# When can babies meet mom's cagemate?



## itsybitsy (May 17, 2017)

At what age can I move mom and the babies back into the big cage? Mom and her sister have been doing really well during playtime. I'd really love to see them back together again.


----------



## ray (Nov 4, 2015)

In general, female rats can be very mean to young rats so typically rule of thumb is to keep them separate until the babies are old enough to look after themselves (about 5 weeks).

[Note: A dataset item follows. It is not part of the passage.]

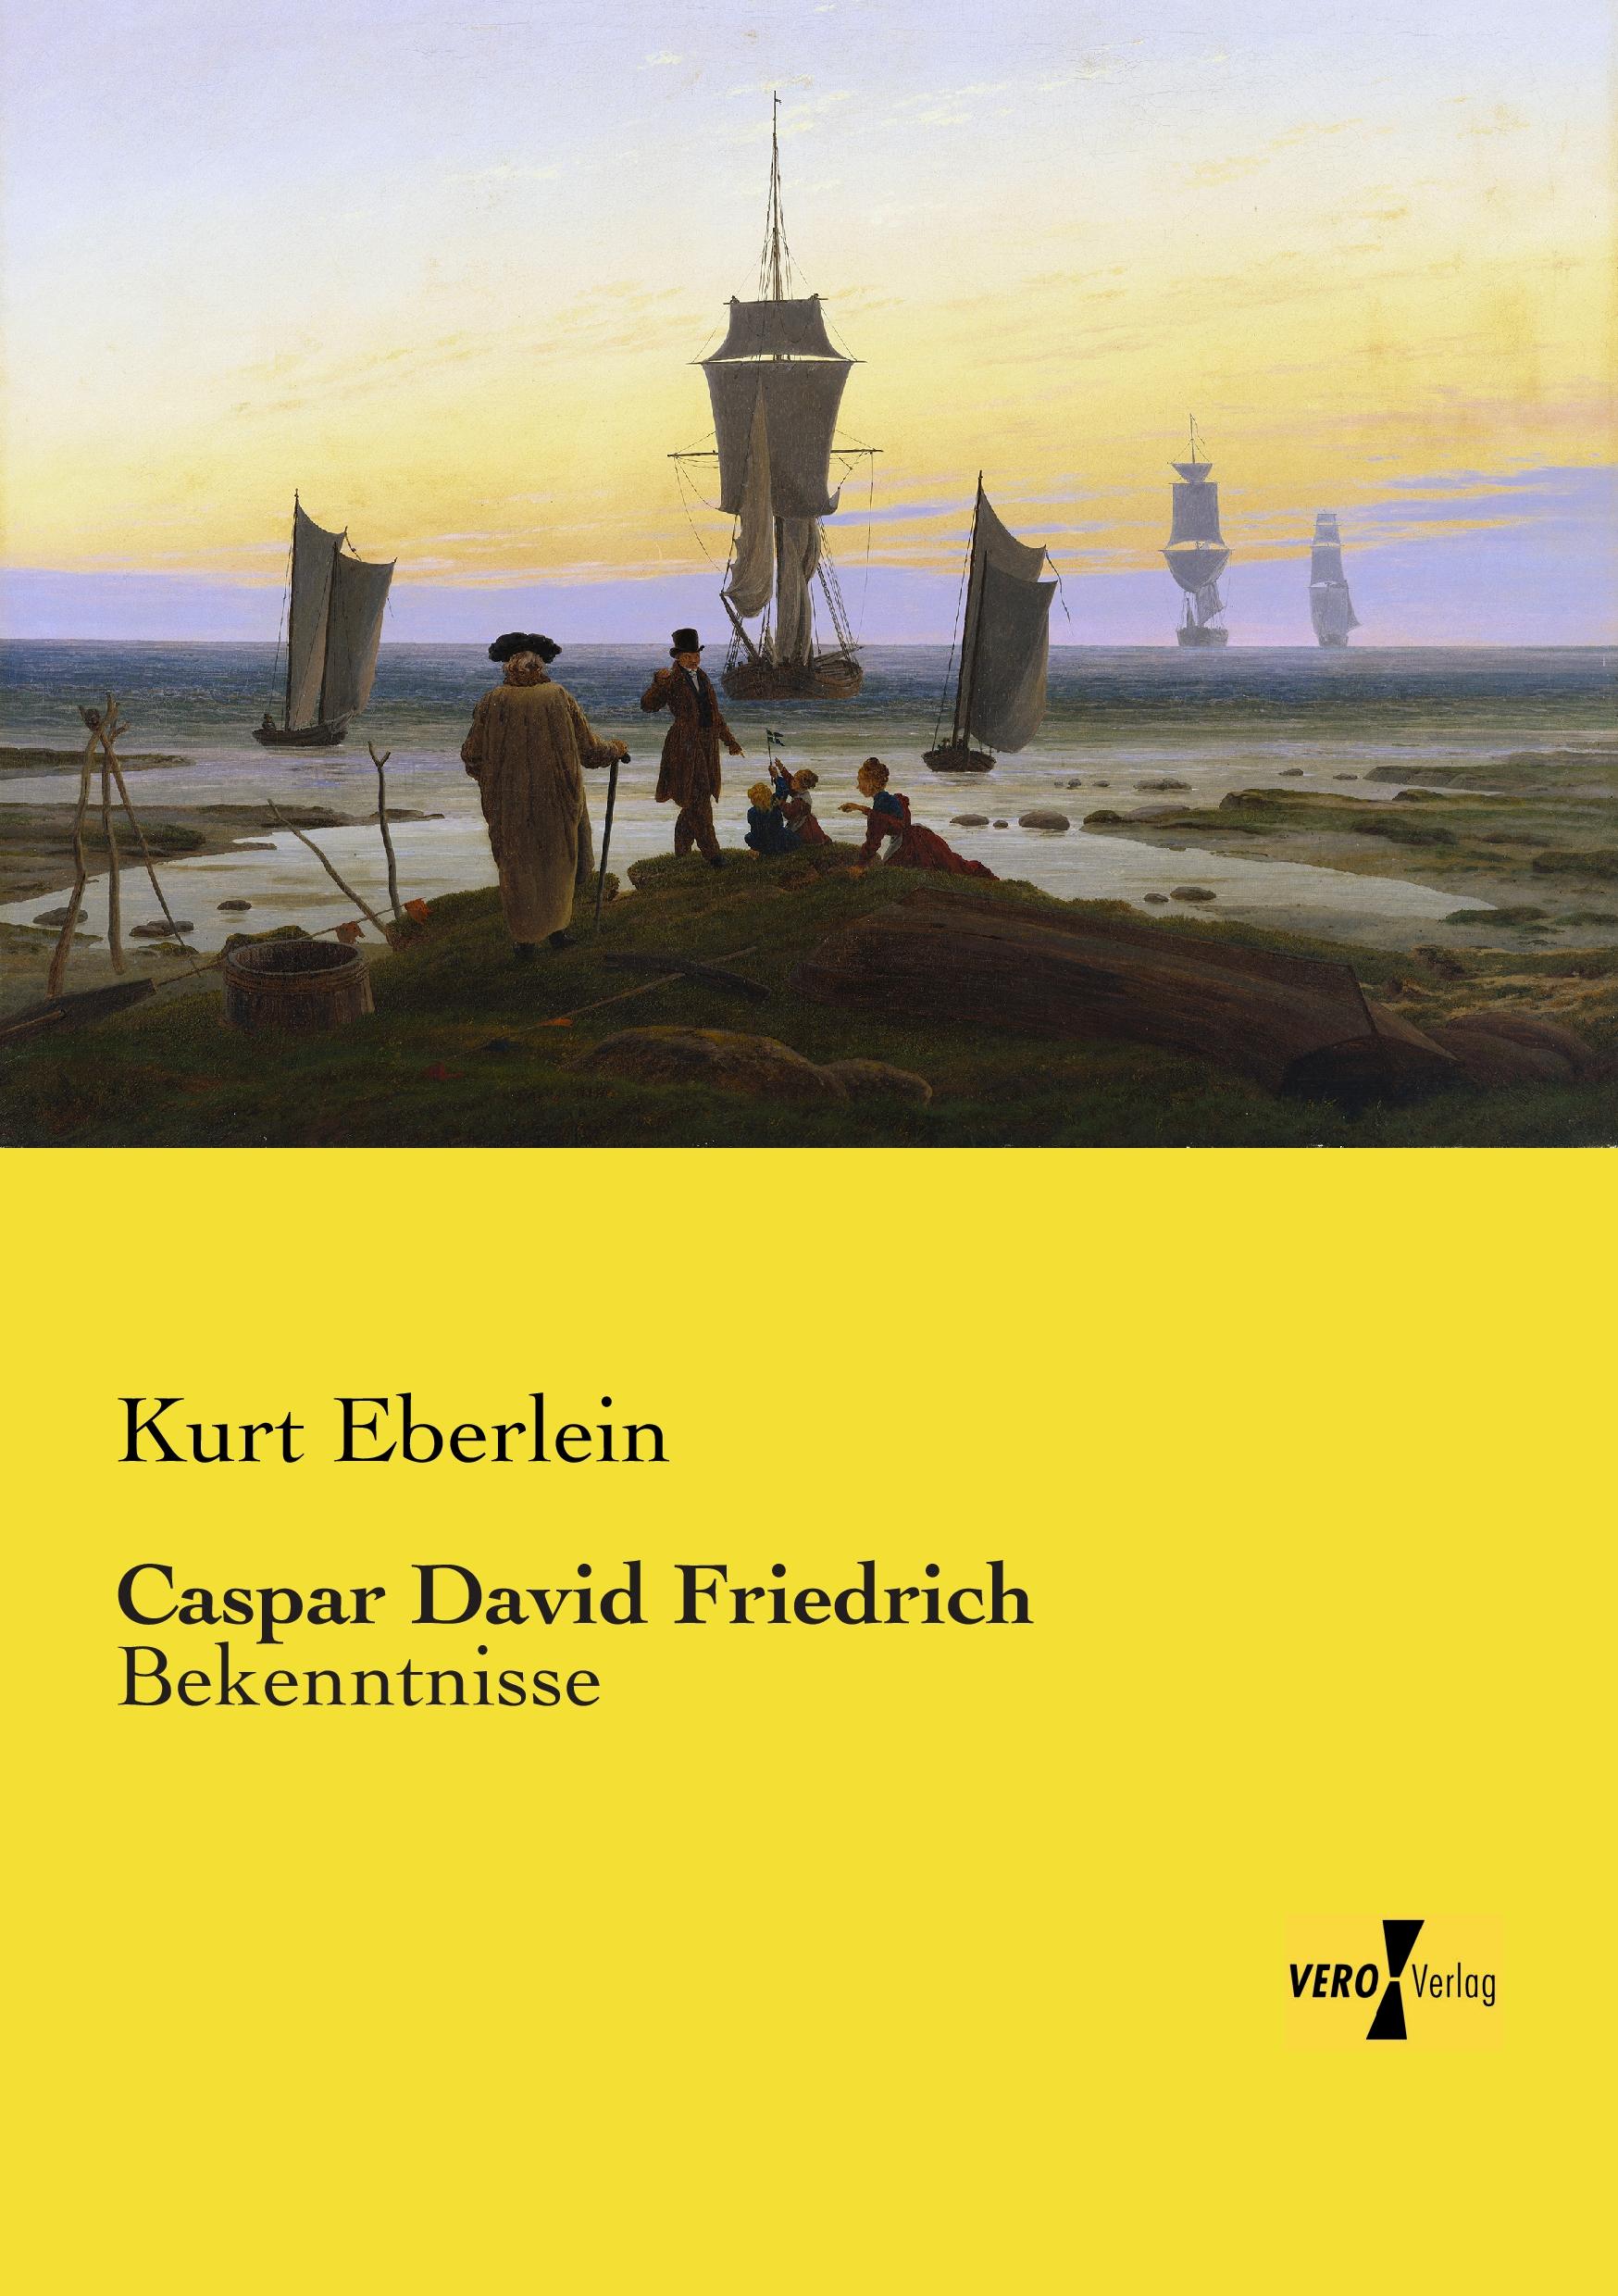 Caspar David Friedrich / Bekenntnisse / Kurt Eberlein / Taschenbuch / Paperback / 464 S. / Deutsch / 2019 / Vero Verlag / EAN 9783957387653 - Eberlein, Kurt
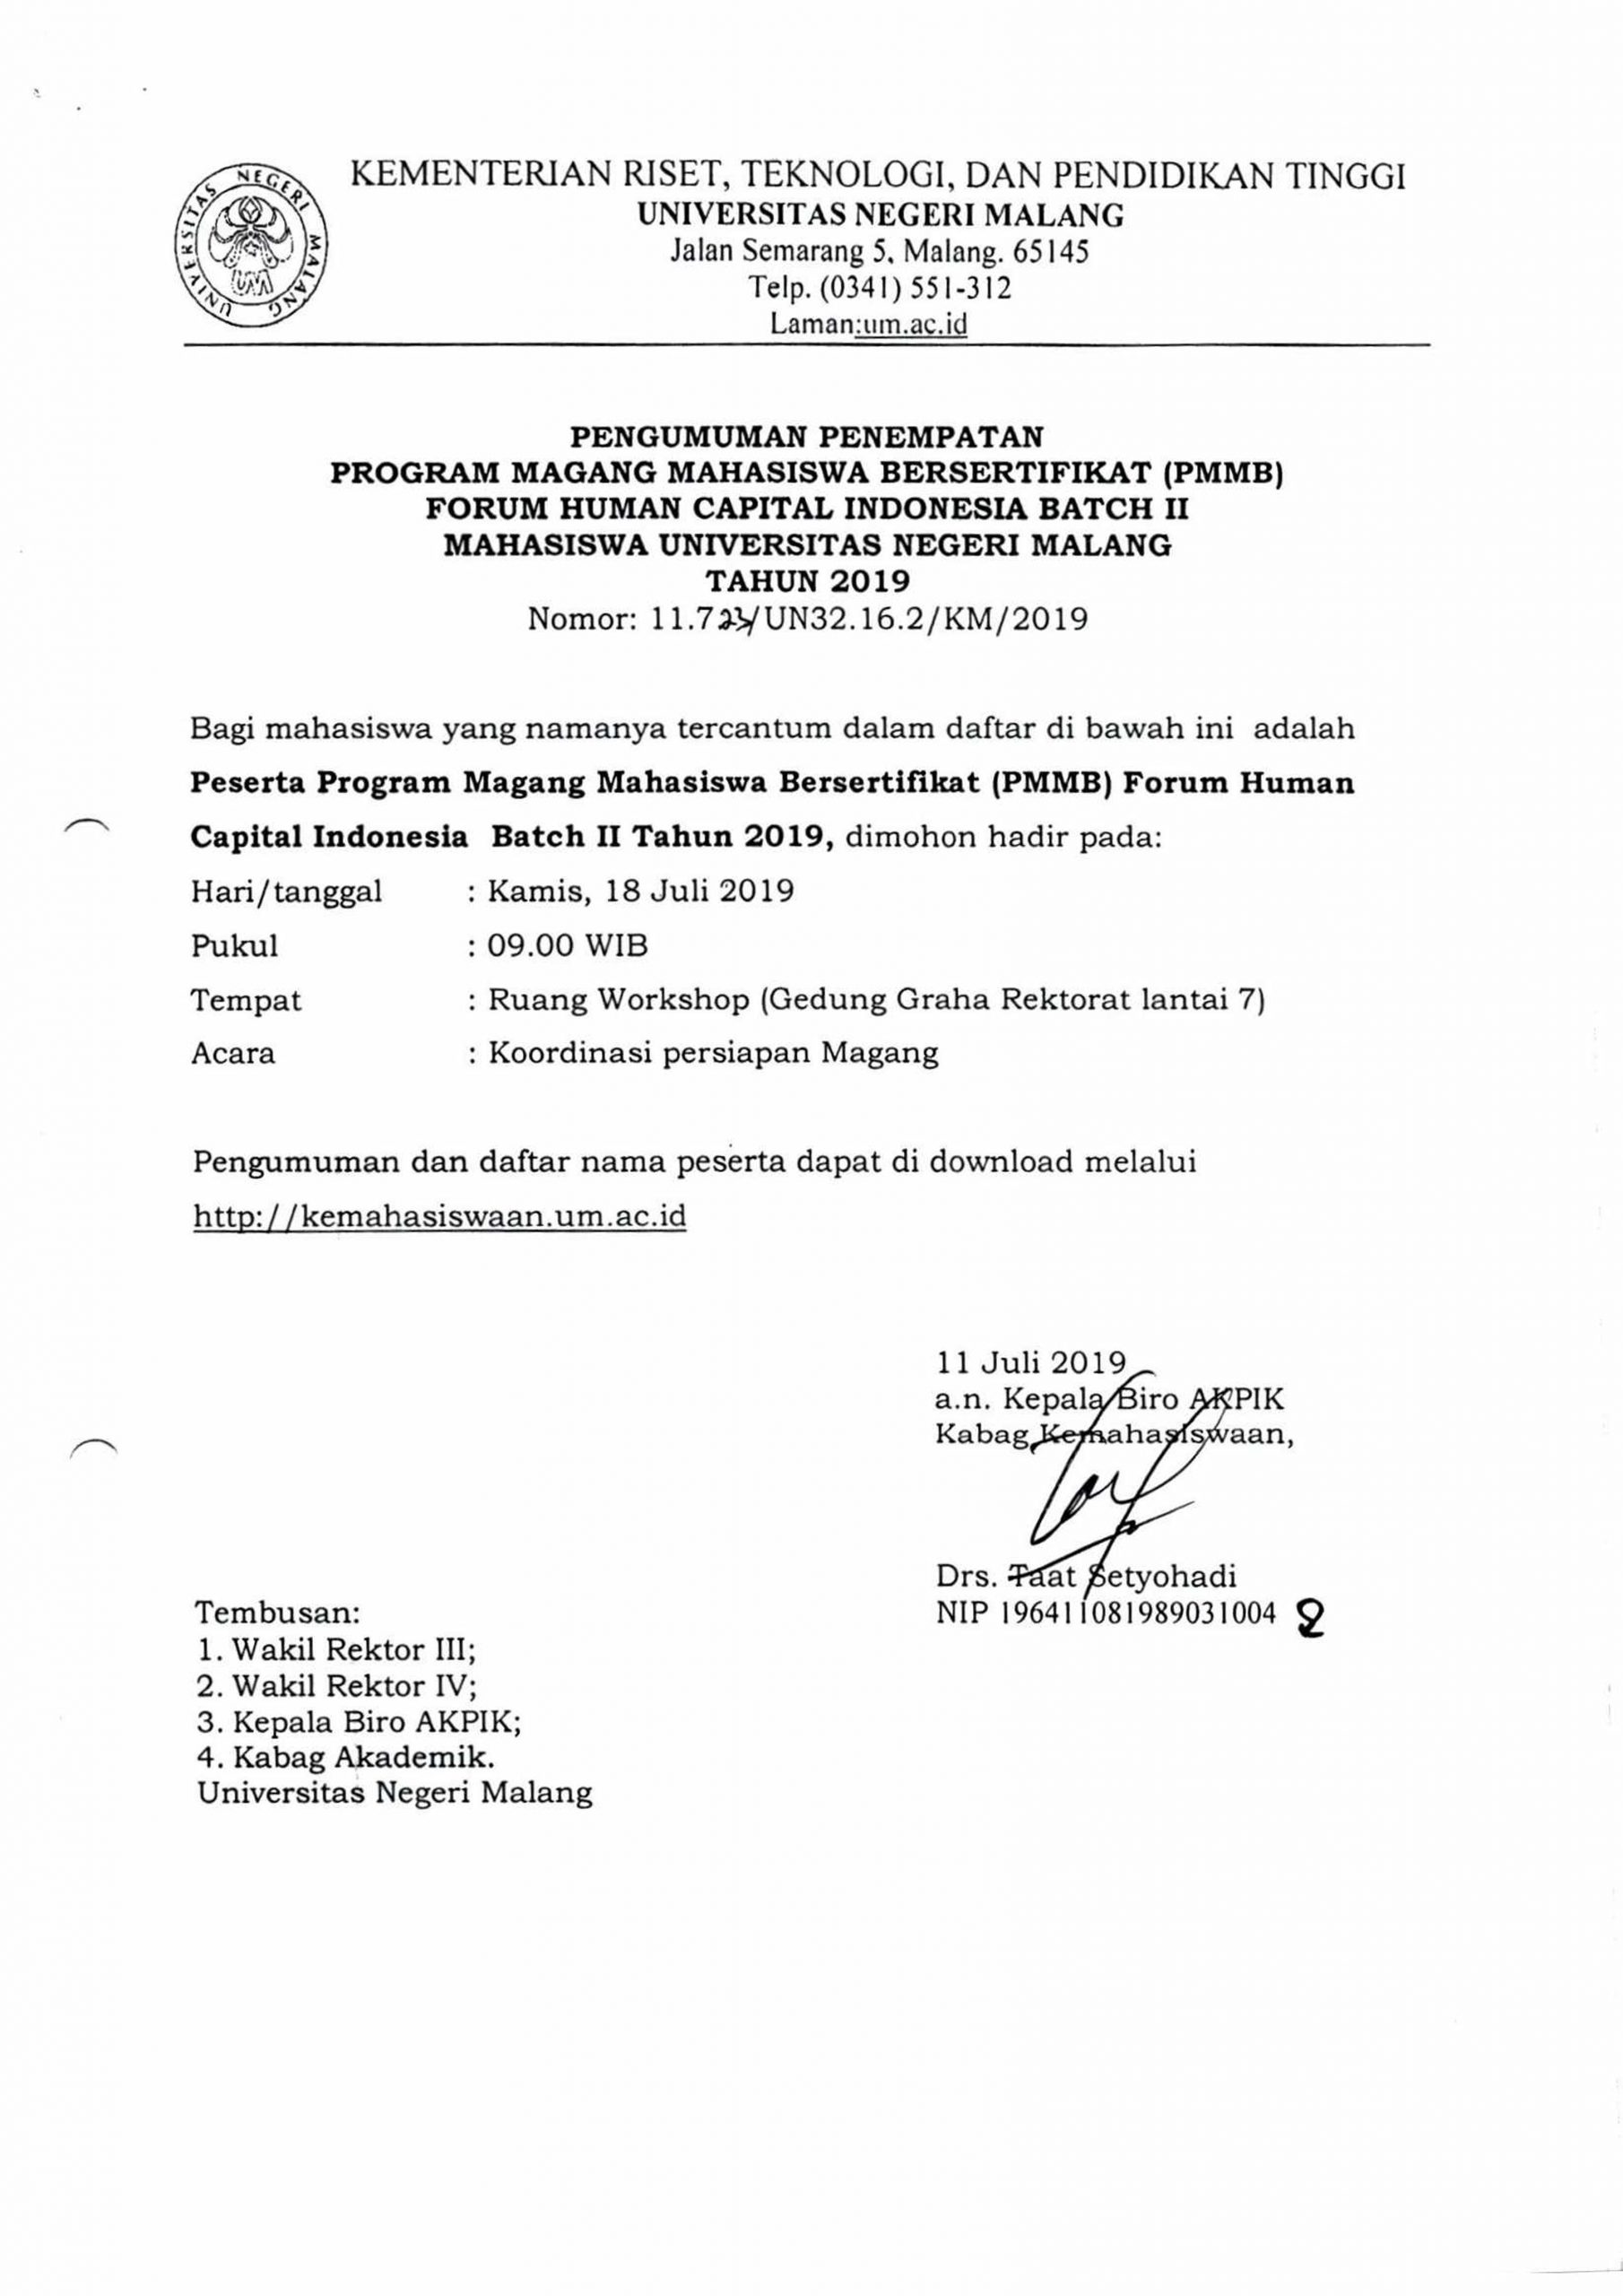 PENGUMUMAN PENEMPATAN PROGRAM MAGANG MAHASISWA BERSERTIFIKAT (PMMB) FORUM HUMAN CAPITAL INDONESIA BATCH II MAHASISWA UNIVERSITAS NEGERI MALANG TAHUN 2019

If you want to try sooner you can but be very very wary and keep a close eye on them.


----------



## Kira united rats (May 25, 2017)

there's actually multiple answers to this dependent on circumstances
1. momma has 1 female cagemate that was never removed from the cage and the mother feels safe around said cage mate Answ. the babys have already met aunty and aunty like momma has cared for them when they start being able to eat solid foods aunty will bring it

at the time that she can go back with her cage mates without the babys (5 weeks) you need to start separating the litter if you have both parents in separate cages at 5 weeks and a nersry cage put the girls in with moma when she goes back leave the males in the nursery till 6-7th week or you could start intros on the 5th week if your carefull and you watch to make sure the males don't fight 

however 
from what I have read of your post t suggests that momma and her cage mate are your only rats and you only have 2 cages at 5 weeks momma can leave the nursery and take all the girls with her none of the baby males are to be with momma past the 5 weeks as barbaric as this may sound in a perfect world at 5 weeks old the male babys say bye to momma never to see her again if those ales are still with momma or aunty after that 5 week time frame you risk another litter


----------